Policy Bulletin #94-03

 1810 Contingent Permanent Appointments
December 7, 1994

[NOTE: this was a typo. It should read #88-05, which is available here .
Further, Policy Bulletin 88-02 was subsequently replaced by
Policy Bulletin 95-01]

Advisory Memorandum #94-11 (see 1800 Appointments, or 2200 Separations & Leaves) was intended to provide agencies with an overview and information on several issues. This Policy Bulletin provides more definitive information on the topic of "Contingent Permanent Employees Affected by Return of Incumbents."

The Advisory Memorandum states:

"Whenever any such "contingent" permanent employee requests return to a hold item his or her seniority date must be compared with the seniority date of any other "contingent" permanent employee who also wishes to return at the same time, if any, and the seniority date of the current "contingent" permanent incumbent. Only the most senior employee can be restored, or retain his or her incumbency."

This statement has generated some confusion by being read as relating to the return of the prior permanent incumbent, and as being, therefore, contrary to Rules 4.11 and 4.12, and the procedures in Policy Bulletin #88-02. The statement relates, however, NOT to the return of the prior permanent incumbent but to the attempted return of the one or more "contingent" permanent employees appointed to the same position.

Rules 4.11 & 4.12 only provide for two permanent appointments to a position; one permanent and one "contingent" permanent. It is the Department's policy therefore that these rules are concerned with the rights of the one employee who is appointed permanently to a vacancy and subsequently given a leave of absence, and when that employee can return, and to which position. Policy Bulletin #88-02 should be applied in those cases. However, where agencies have made subsequent multiple "contingent" permanent appointments to the same position, the following policies and procedures will apply:

EXAMPLE 1: In the example shown at the right, employee A is appointed permanently to the vacant G-18 position and given a leave to serve at the G-23 level. Employee B is then subsequently appointed CP pursuant to Rule 4.11 to the same position (now a temporary vacancy) and given a leave to serve as a G-23. Employee C is then appointed CP to the G-18 position. Rules 4.5, 4.10, & 4.11 are concerned with A's rights, who, if he/she is serving as a probationer at the G-23 level, or as a provisional, or assuming the position was a non-competitive or exempt class position, always has the right to return pursuant to, and subject to, the limitations of these rules.
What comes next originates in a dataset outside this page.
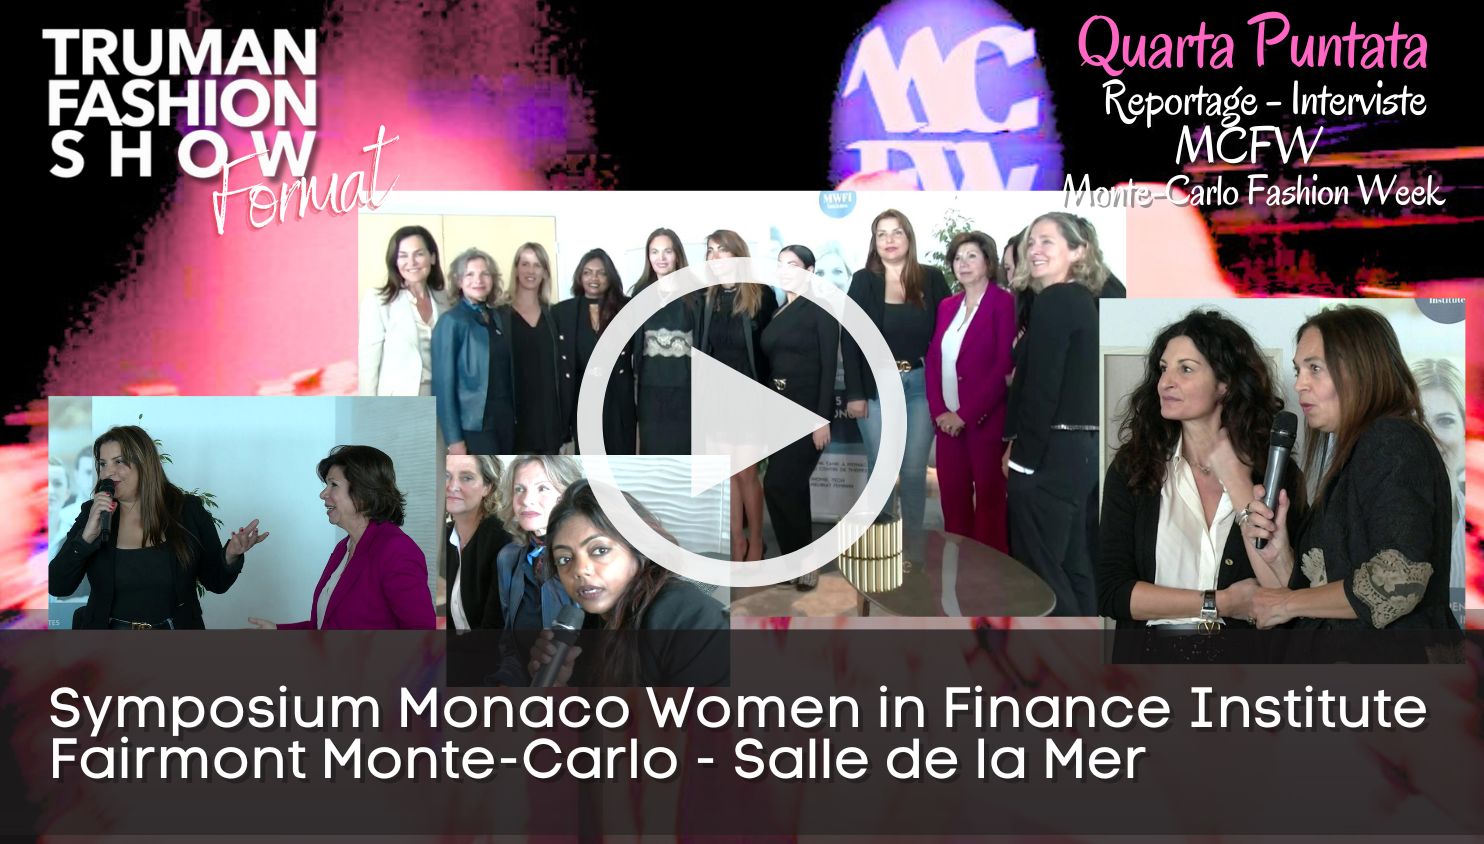 Quarta Puntata del Reportage della Montecarlo Fashion Week MCFW organizzata dalla Camera della Moda di Monaco, Presidentessa Federica Nardoni Spinetta.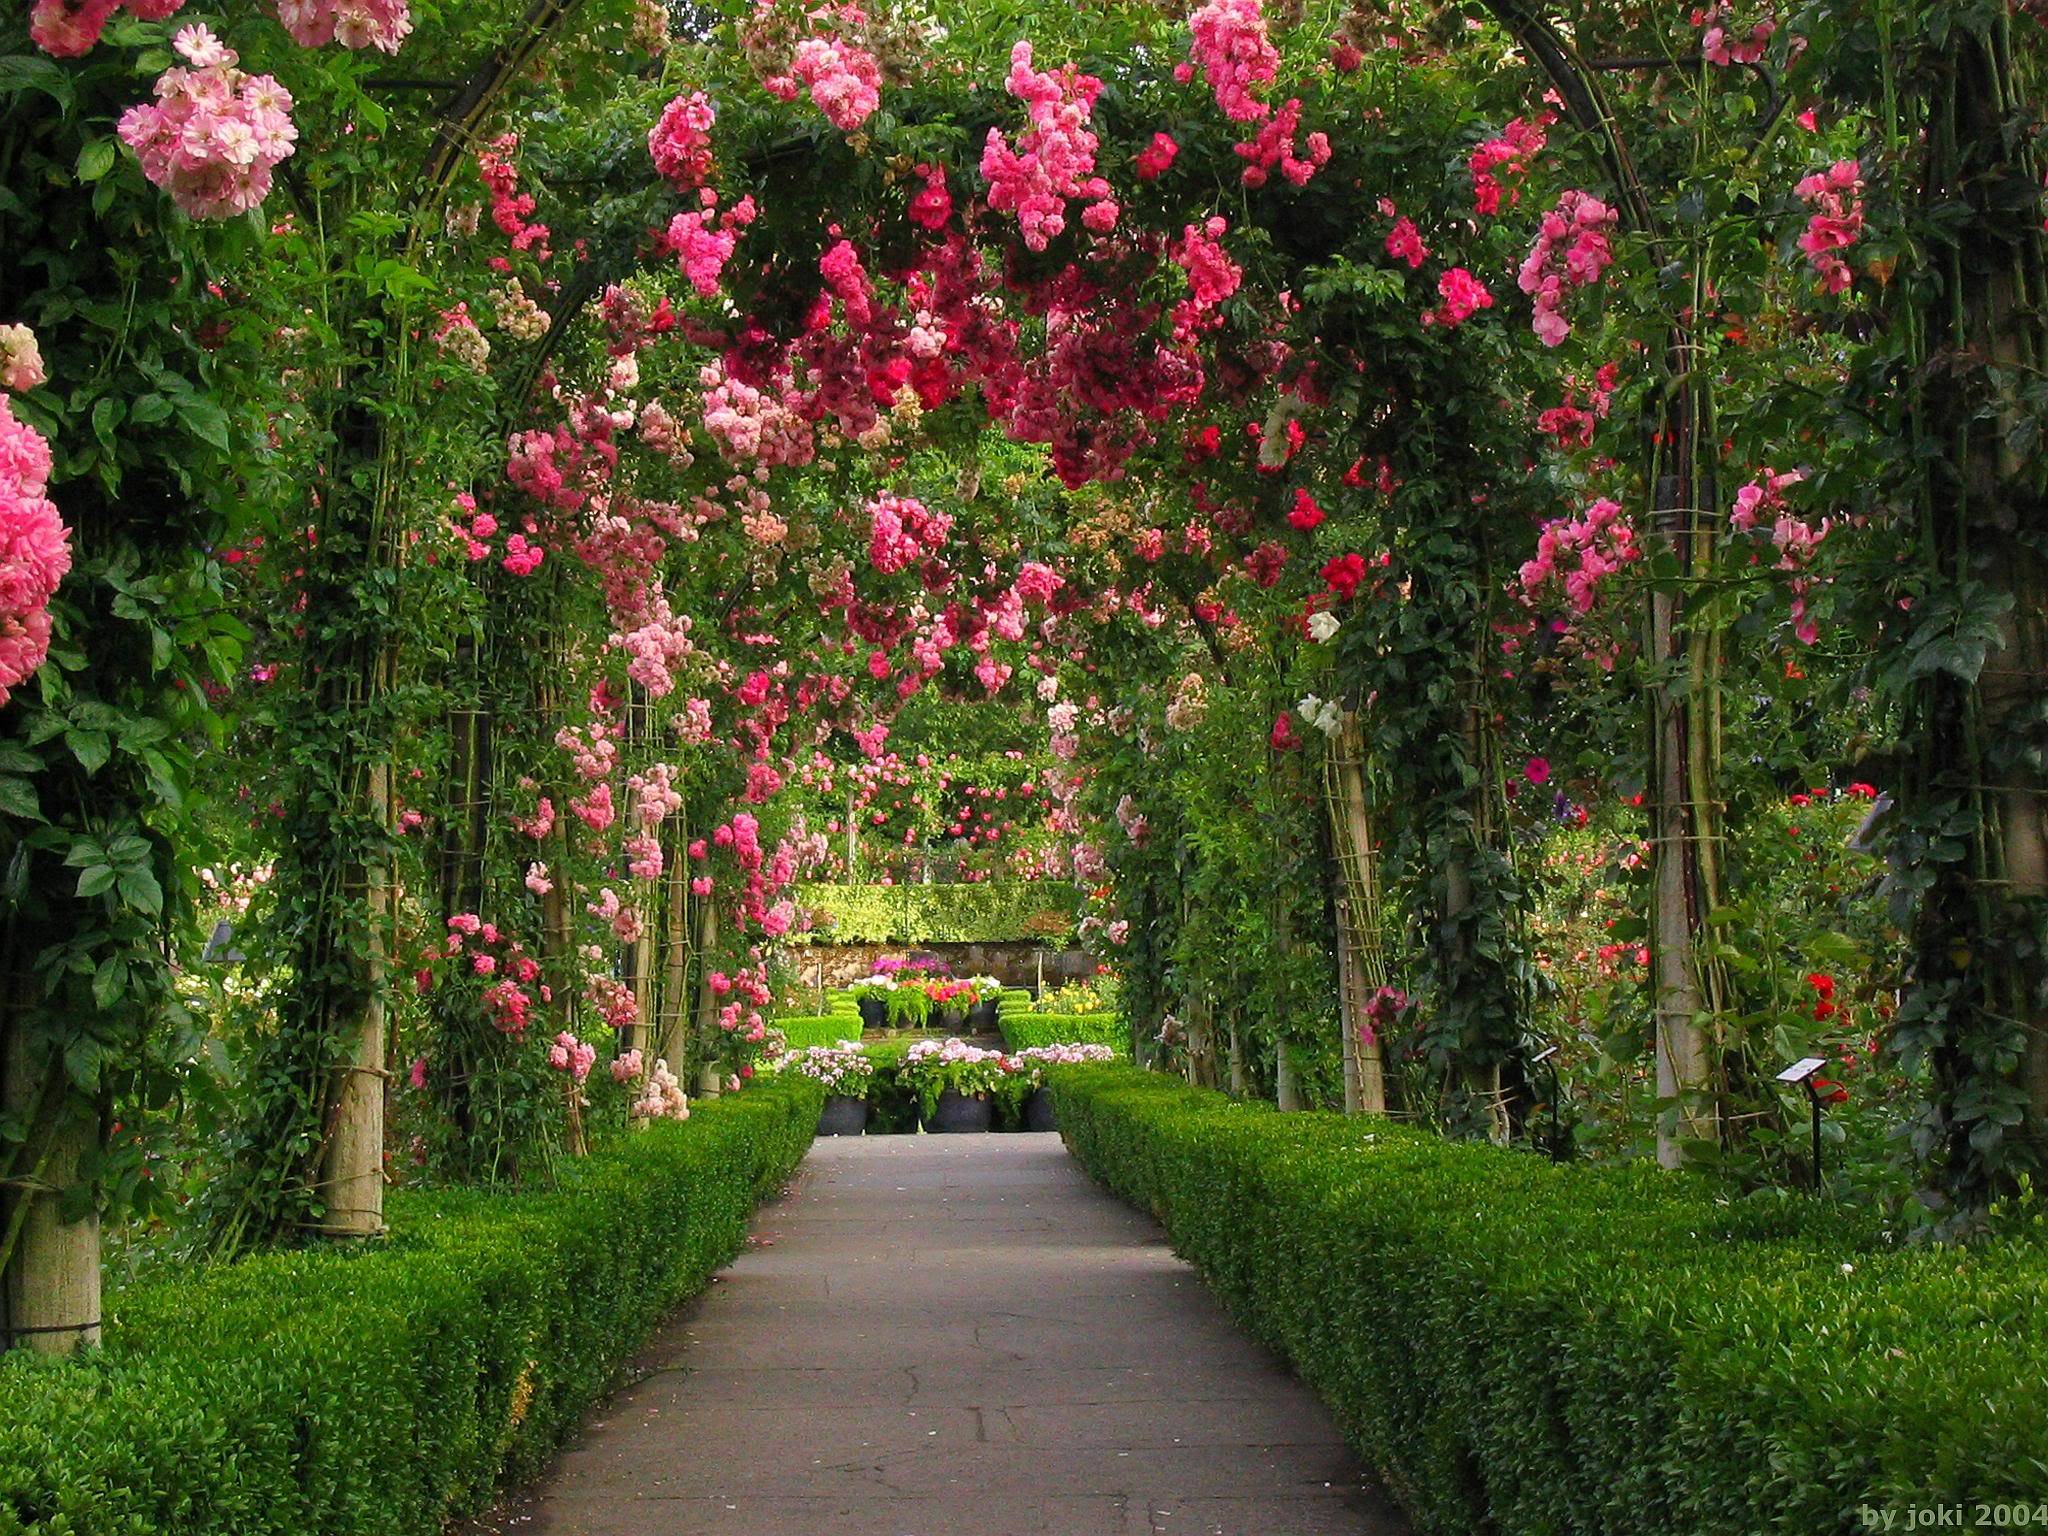 Pink Rose Garden Wallpaper. Garden. Home Image Area

However if B has to return, he/she has no greater right to the G-18 position than C. Therefore their seniority dates are compared and the more senior gets the job.
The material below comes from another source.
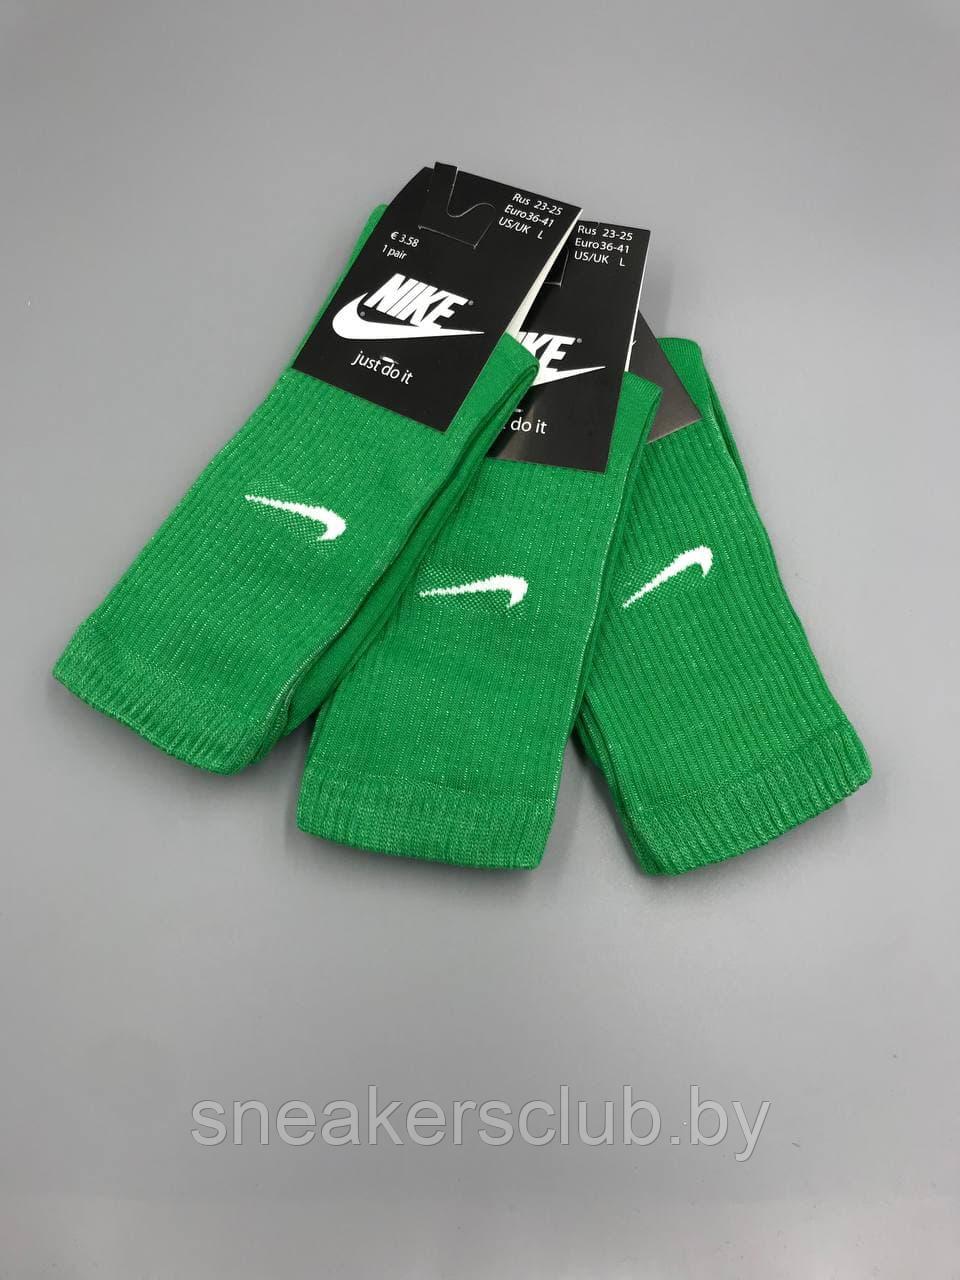 Зеленые носки Nike/ удлиненные носки/ носки с резинкой/ яркие носки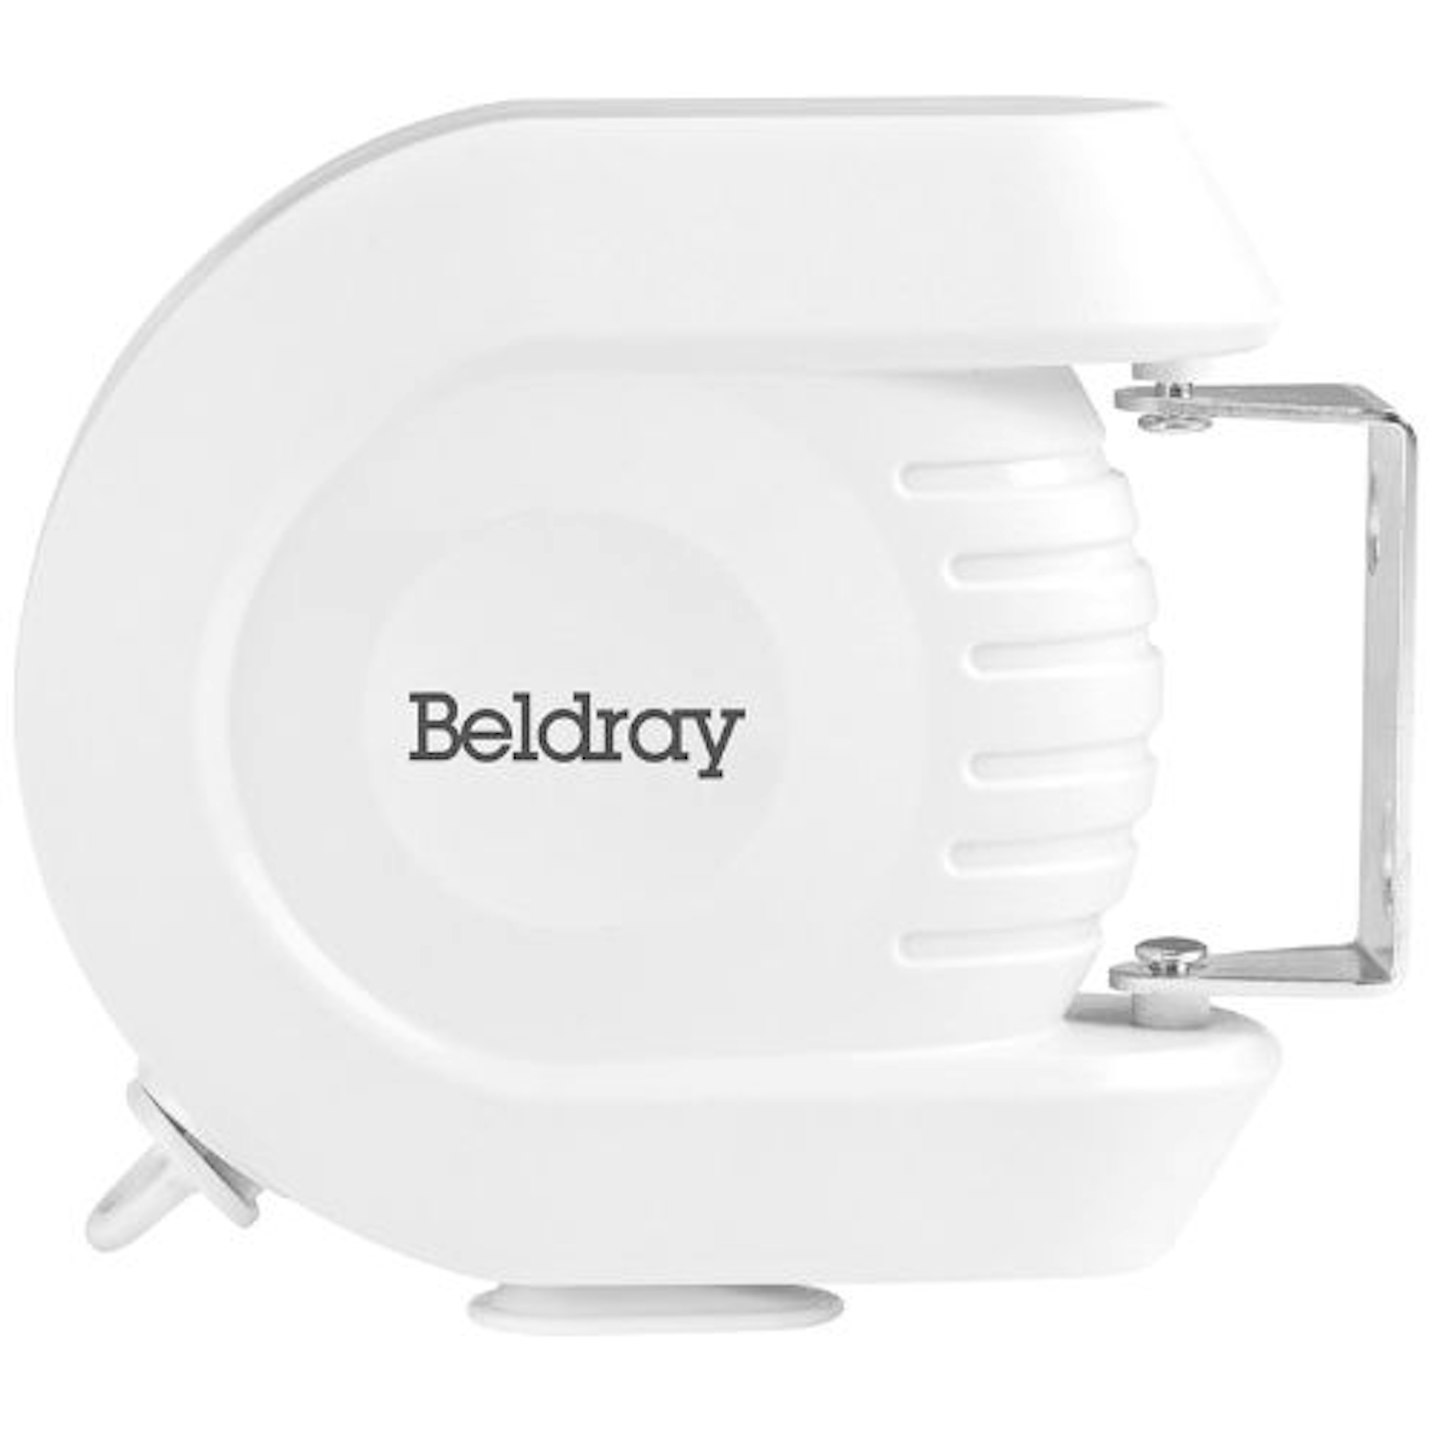 Beldray LA026996 Retractable Washing Line

"Seniority date" means seniority as would be calculated as if this were a layoff. [Please note that probationary status is not relevant in making this comparison]

EXAMPLE 2: Now assume there are a number of positions filled CP at the G-18 level. Assume A, originally appointed permanent, is now serving provisionally at the higher level, and must return. Rule 4.11 and the procedures in Policy Bulletin #88-05 are used to determine to which specific item he/she returns; i.e., that held by the most recently appointed CP, either D, E, or F who are serving in the G-18 title in the work location. [Please remember that just because APPS must show a leave from an item number, that does not necessarily mean that A has a right to that specific item.]

However if B (who was appointed CP and granted a leave pursuant to Rule 4.11) must return, then four CPs [B, D, E, & F] must have their seniority dates compared to determine which 3 will be retained. If B and C must return simultaneously, all five would be compared. (These examples assume that there are no provisionals or temps serving in the title and location, such non-permanents must be impacted first.) CPs who are not able to retain a position are in turn returned to their hold items, if any, and have their names placed on reemployment lists.

It is important to note that these changes in conception about the rights of "contingent" permanent employees also apply to Rule 4.5, Probation, and Rule 4.10, Temporary, provisional, or trainee appointment or promotion of permanent employee.

Employees appointed "contingent" permanent and given a mandatory leave pursuant to these rules do not have the same rights to return to a hold item as a permanent (i.e., not appointed under Rule 4.11 or 4.12) employee. As a result of these changes the "contingent" permanent employee's right to return depends on having more seniority than any "contingent" permanent incumbent who may be currently serving in a position in that title in the location.